Text: Gerhard Braas*

Die Inflation der Biografien über Luke Kelly wird an dieser Stelle nicht weiter angeheizt. Die Geschichten und Anekdoten über den schon äußerlich unverwechselbaren roten Lockenschopf sind hinlänglich bekannt und dokumentiert: die Anfänge im O’Donoghue’s-Pub, die englischen Lehrjahre bei Ewan MacColl, der Aufstieg zu Weltruhm in der „Original-Five“-Besetzung (zusammen mit Ronnie Drew, Barney McKenna, Ciarán Bourke und John Sheahan) und schließlich das von Krankheit gezeichnete traurige Ende.

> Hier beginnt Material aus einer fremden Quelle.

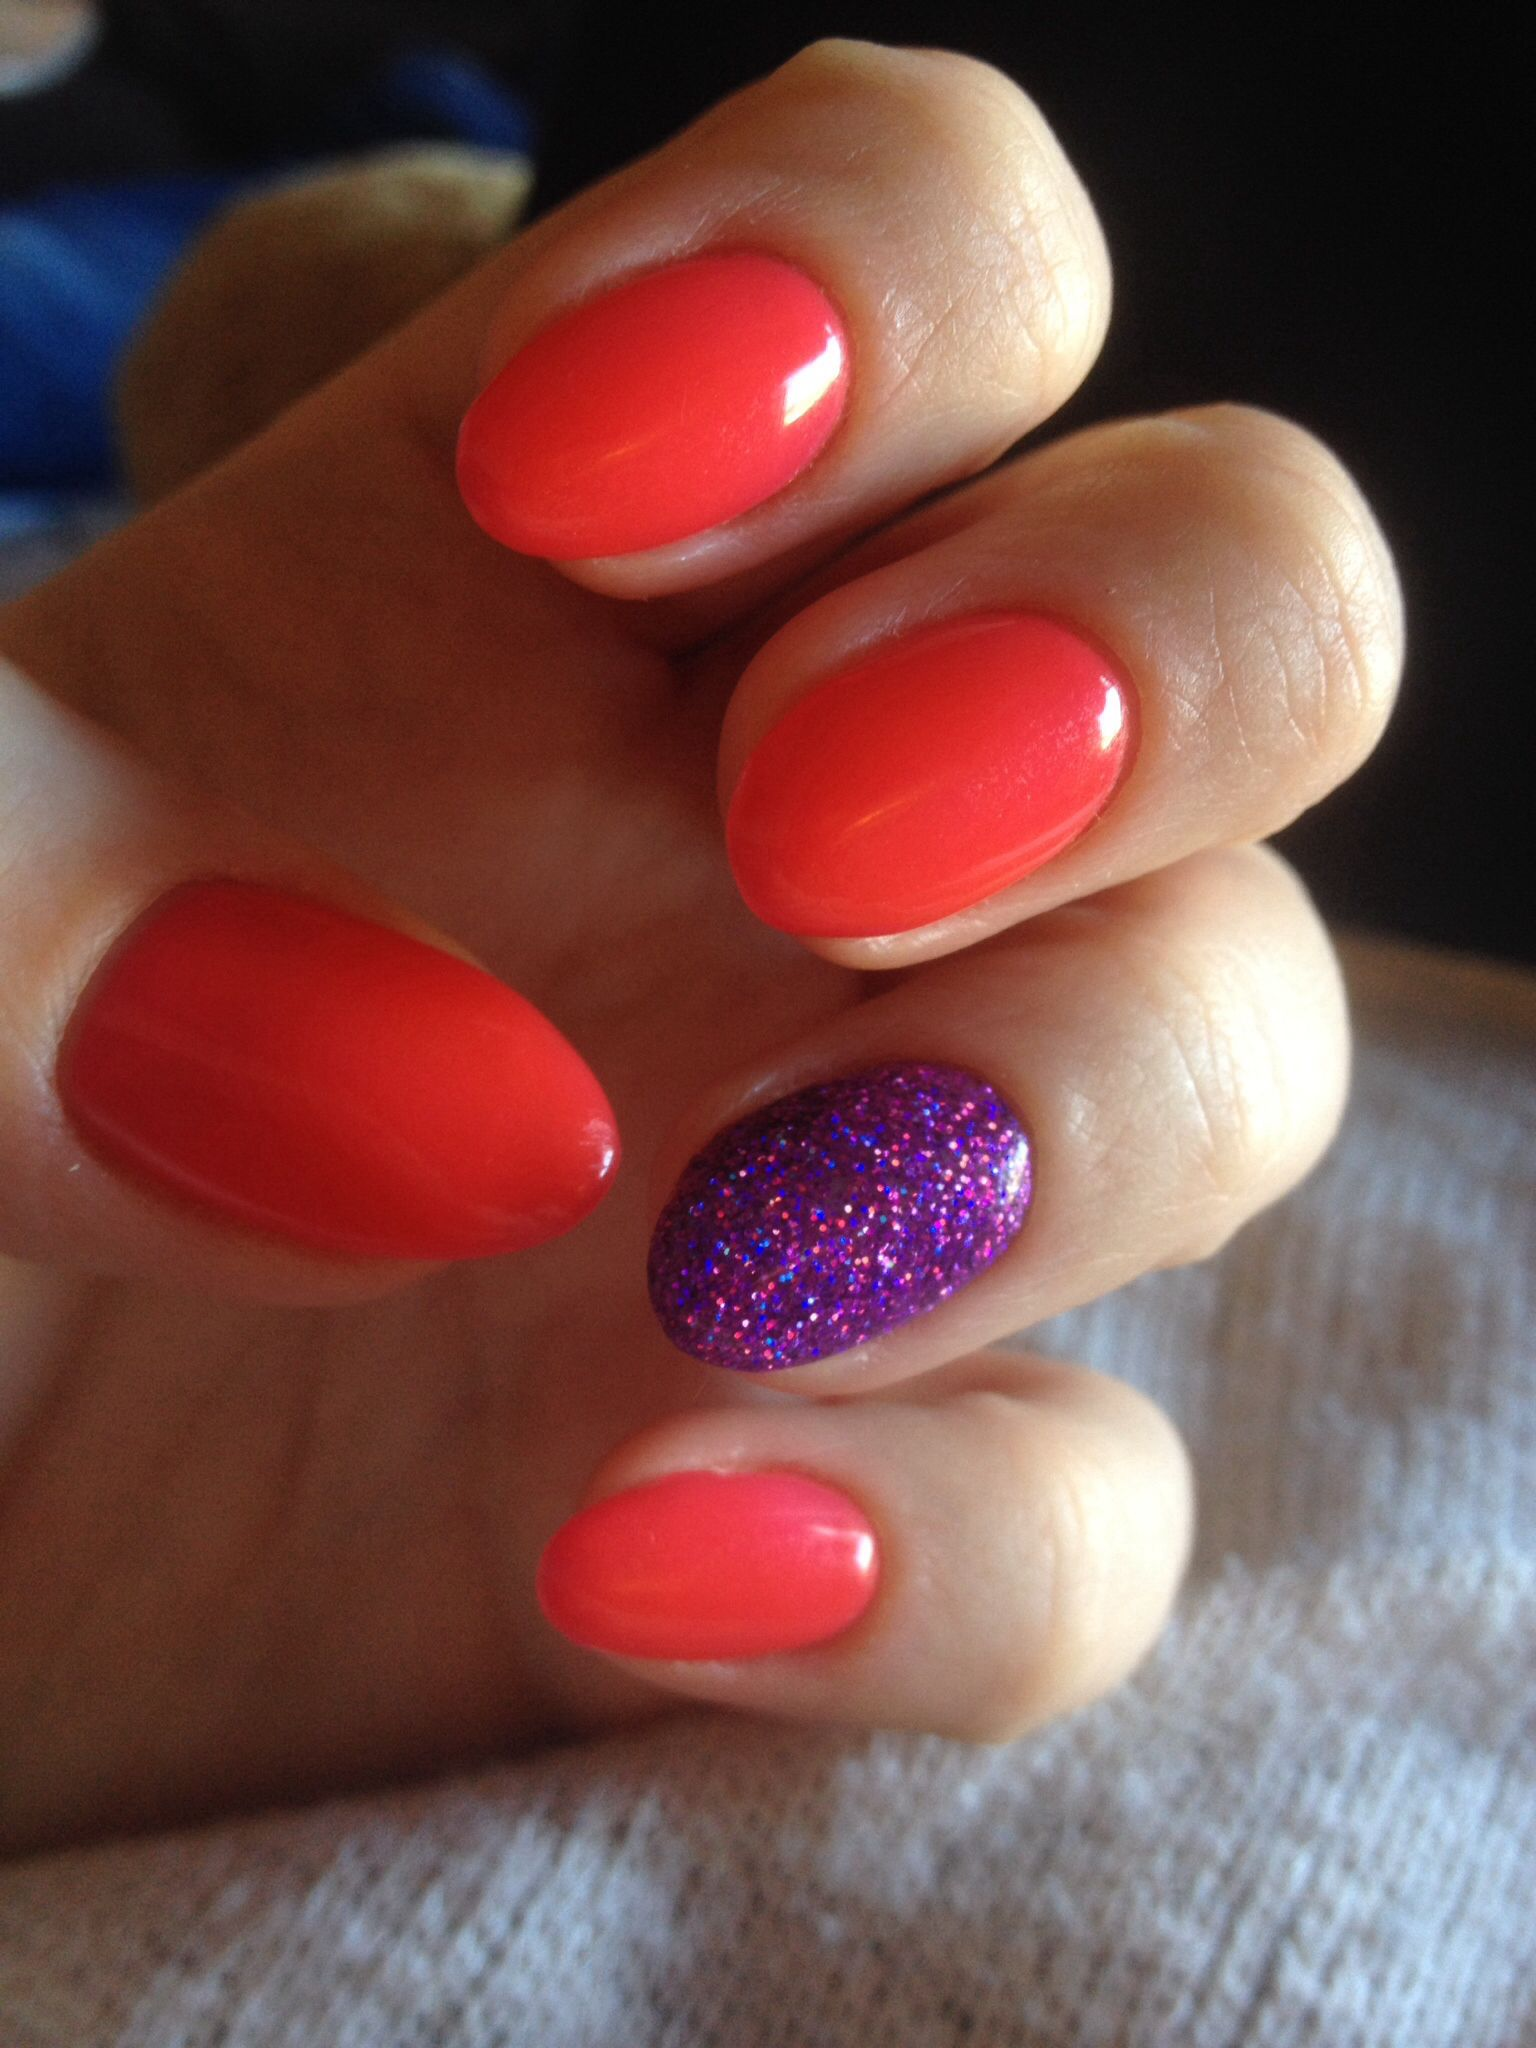 Bio Sculpture No 101 With Purple Glitter Nail Art Nails

Dieser frühe Tod trug sicher auch dazu bei, ihn schnell zu einer legendären Person werden zu lassen, deren Popularität posthum noch zunahm. Und Irland vergisst seine Helden nicht. Viele Gedichte und Songs entstanden über den „besten Folksänger aller Zeiten“, wie es Karsten Jahnke – Tourmanager der Dubliners in Deutschland von Anfang an – unlängst in einem Zeitungsinterview formulierte. Die bekanntesten Lieder sind „Luke, A Tribute“ von Mícheál Ó Caoimh, das Christy Moore zum 25-jährigen Dubliners-Jubiläum sang, sowie „The Dublin Minstrel“, geschrieben von Paddy Reilly – Mitglied der Dubliners von 1995 bis 2005 – und bei jedem Liveauftritt der Gruppe von Patsy Watchorn zelebriert. Auch seine Heimatstadt ehrt „Dublins Lieblingssohn“: eine Luke-Kelly-Brücke gibt es schon, eine Statue ist seit ein paar Jahren vom Stadtrat angekündigt. Verdienstvolle Arbeit leistet der Luke Kelly Memorial Fund bei der Erforschung von Hirntumoren. Zumindest umstritten ist unter Fans die Sinnhaftigkeit der Wandershow „The Legend of Luke Kelly“, mit der Chris Kavanagh durch die Lande tourt. Im November 2006 wurde von der irischen Post eine Briefmarkenedition herausgegeben, die Luke Kelly mit den Dubliners auf der 48-Cent-Marke zeigt und die Band für ihr musikalisches Lebenswerk ehrt.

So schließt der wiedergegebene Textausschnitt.